Jolina Amani

Personal information
- Date of birth: 26 August 1999 (age 26)
- Place of birth: Rotterdam, Netherlands
- Height: 1.73 m (5 ft 8 in)
- Position: Forward

Team information
- Current team: Eastern Flames
- Number: 10

Youth career
- Excelsior

Senior career*
- Years: Team / Apps / (Gls)
- 2017–2020: Excelsior / 46 / (4)
- 2020–2021: Benfica / 17 / (8)
- 2021–2022: ADO Den Haag / 11 / (6)
- 2022–2024: Braga / 23 / (4)
- 2024–: Eastern Flames / 6 / (0)

International career^{‡}
- 2018: Netherlands U19 / 2 / (0)
- 2025–: Cape Verde / 1 / (0)

= Jolina Amani =

Cape Verdean footballer (born 1999)

Jolina Amani (born 26 August 1999) is a footballer who plays as a forward for Saudi Women's Premier League club Eastern Flames. Born in the Netherlands, she plays for the Cape Verde national team.

==Club career==

===Excelsior===
Amani made her league debut against Achilles '29 on 8 September 2017. She scored her first league goal against Alkmaar on 16 March 2018, scoring in the 31st minute.

===Benfica===
Amani was announced at Benfica on 17 August 2020.

===ADO Den Haag===
Amani was announced at ADO Den Haag on 5 September 2021. She made her league debut against Alkmaar on 3 September 2021. Amani scored her first league goal against Excelsior on 10 October 2021, scoring in the 62nd minute.
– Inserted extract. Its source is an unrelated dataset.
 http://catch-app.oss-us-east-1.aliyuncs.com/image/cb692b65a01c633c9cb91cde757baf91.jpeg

She left ADO Den Haag in 2022.

==International career==
Born in the Netherlands, Amani is of DR Congolese and Cape Verdean through her father and mother, respectively.
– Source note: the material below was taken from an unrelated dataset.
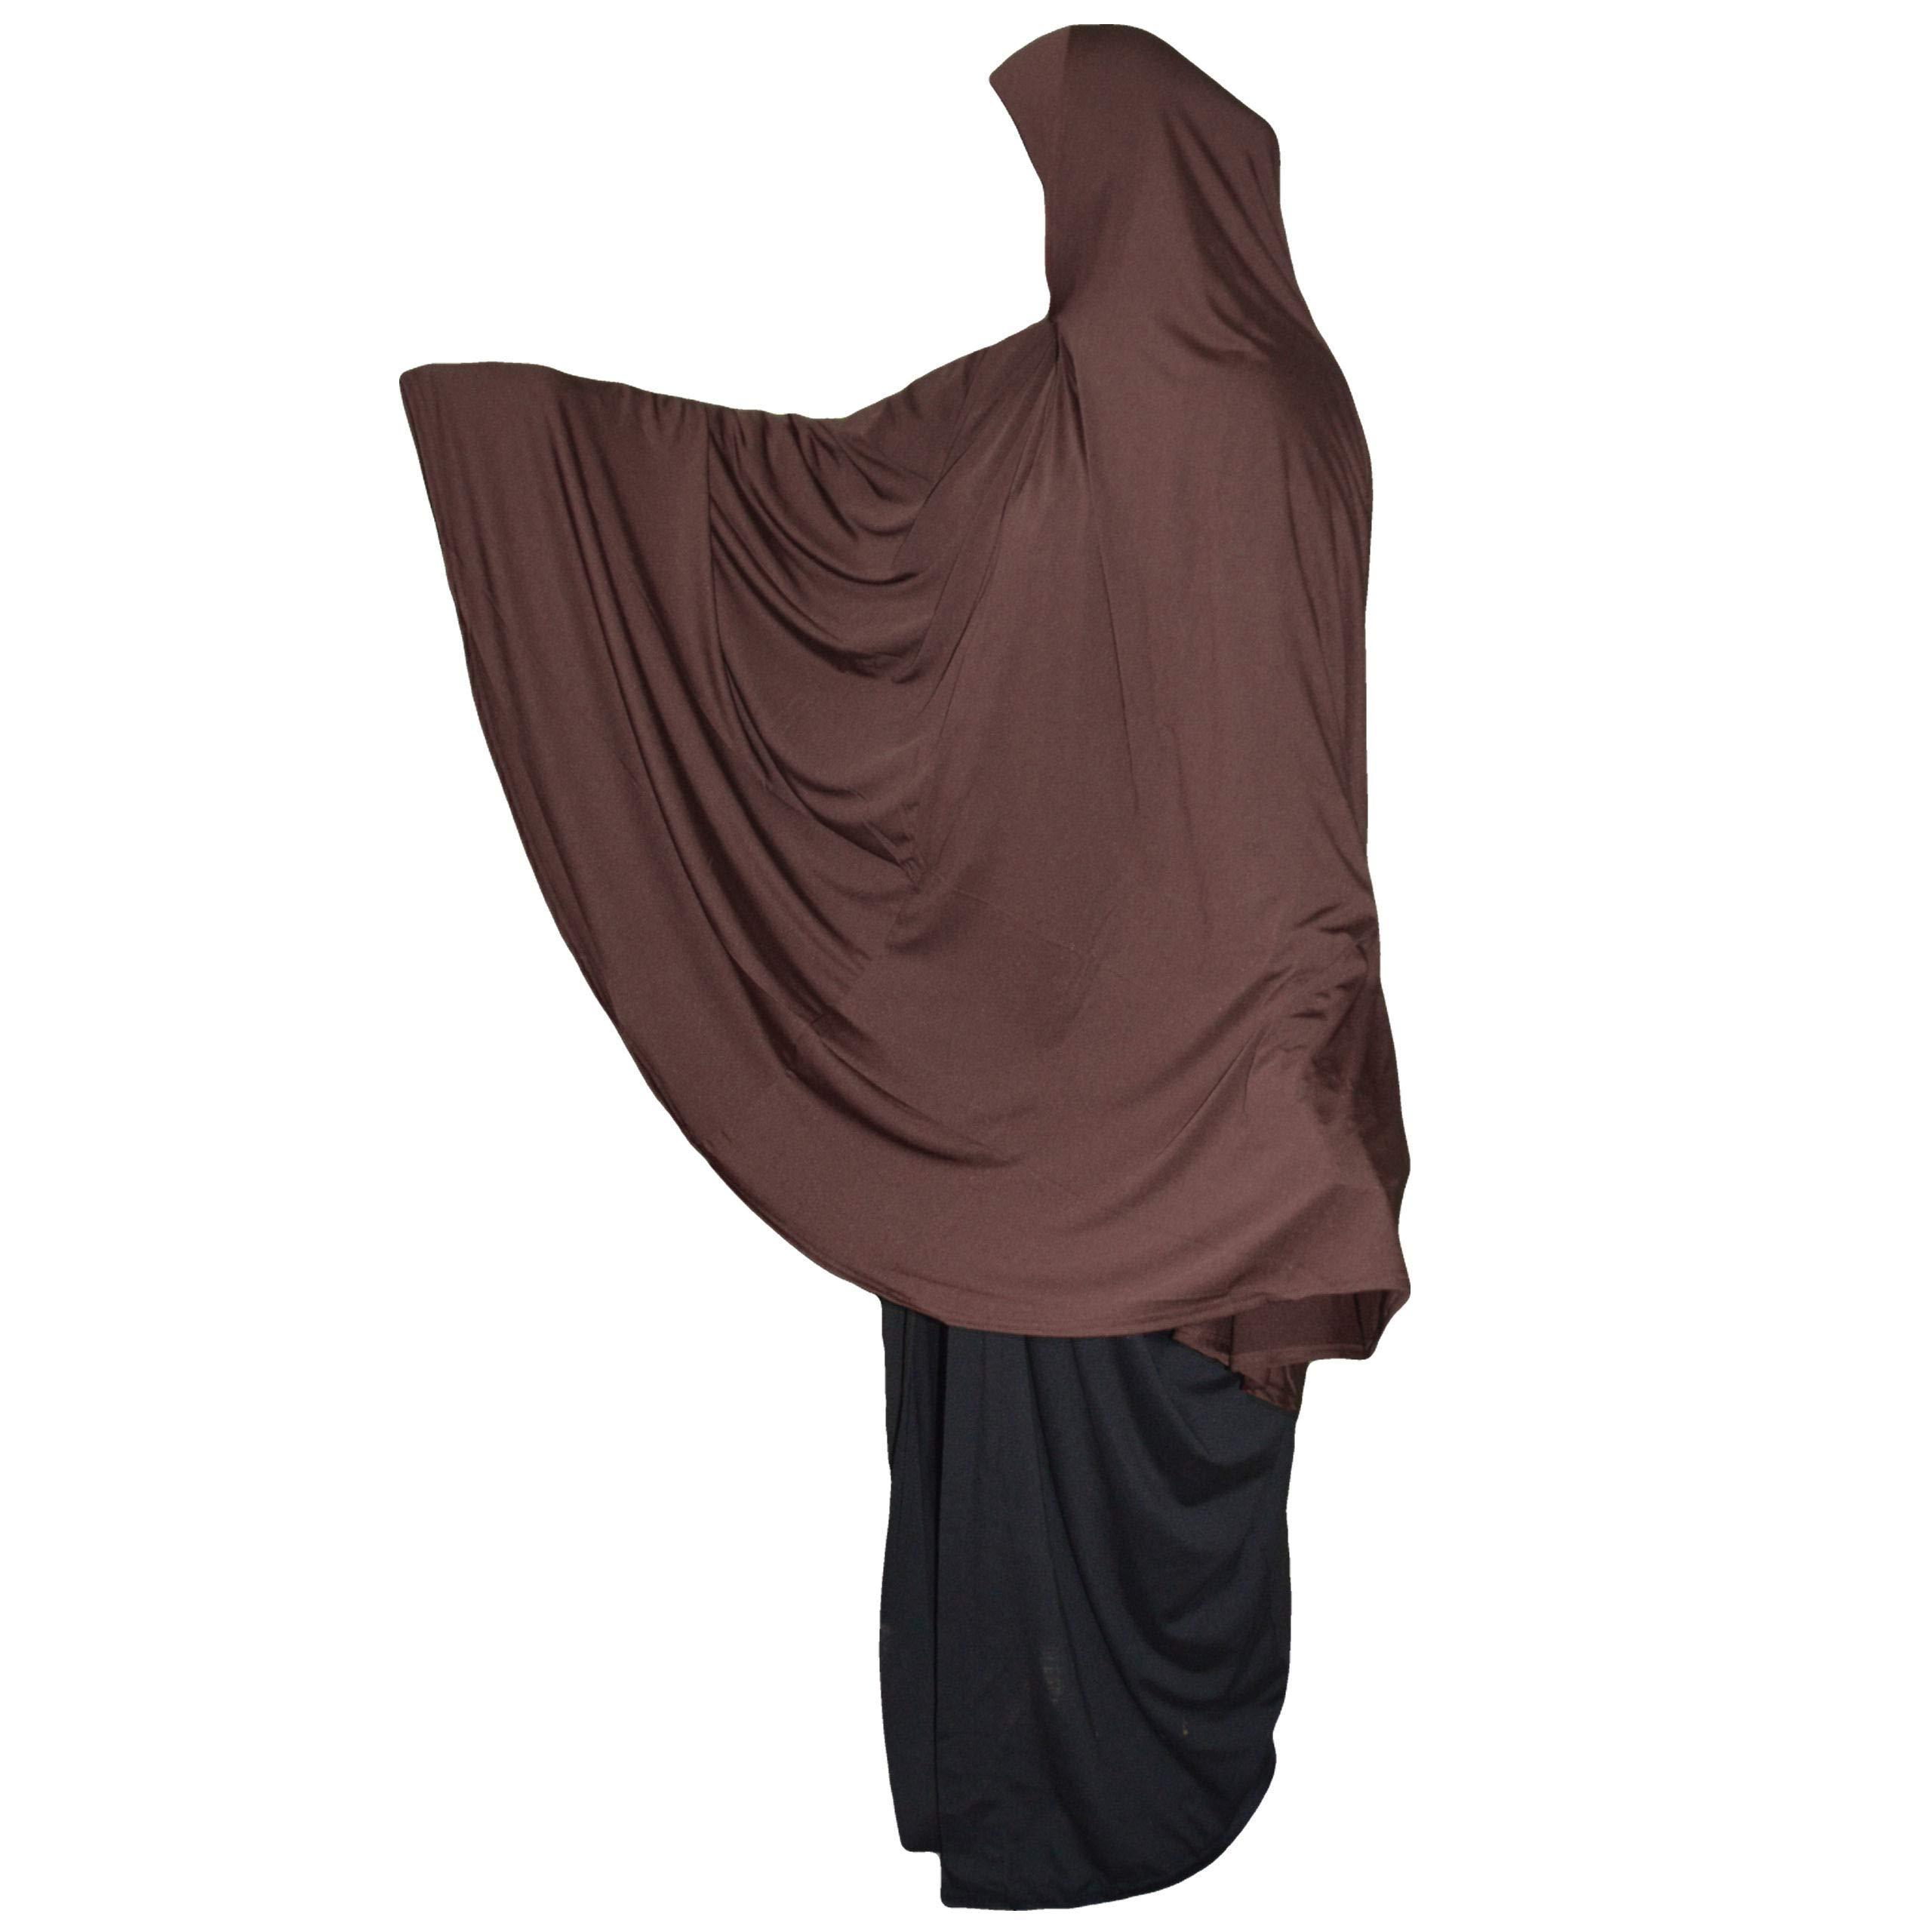 XL long Khimar ready made Hijab for Muslimah one piece stretchy headscarf Lycra material Chadors Arabia Islamic Prayer Dress Muslim Clothes Shawls Body Cover

Amani was called up to the Netherlands U19s training camp in 2018, becoming the first player from Excelsior Barendrecht to be selected for a national team. She made her U19 debut against Italy U19s on 18 July 2018.

In September 2023, Amani was called up to the Cape Verde women's national team.

On 19 February 2025, Amani's request to switch allegiance to Cape Verde was approved by FIFA. Six days later, she made her debut with the national team in a 4–1 home win over Guinea.

==Personal life==
Amani was born in Rotterdam.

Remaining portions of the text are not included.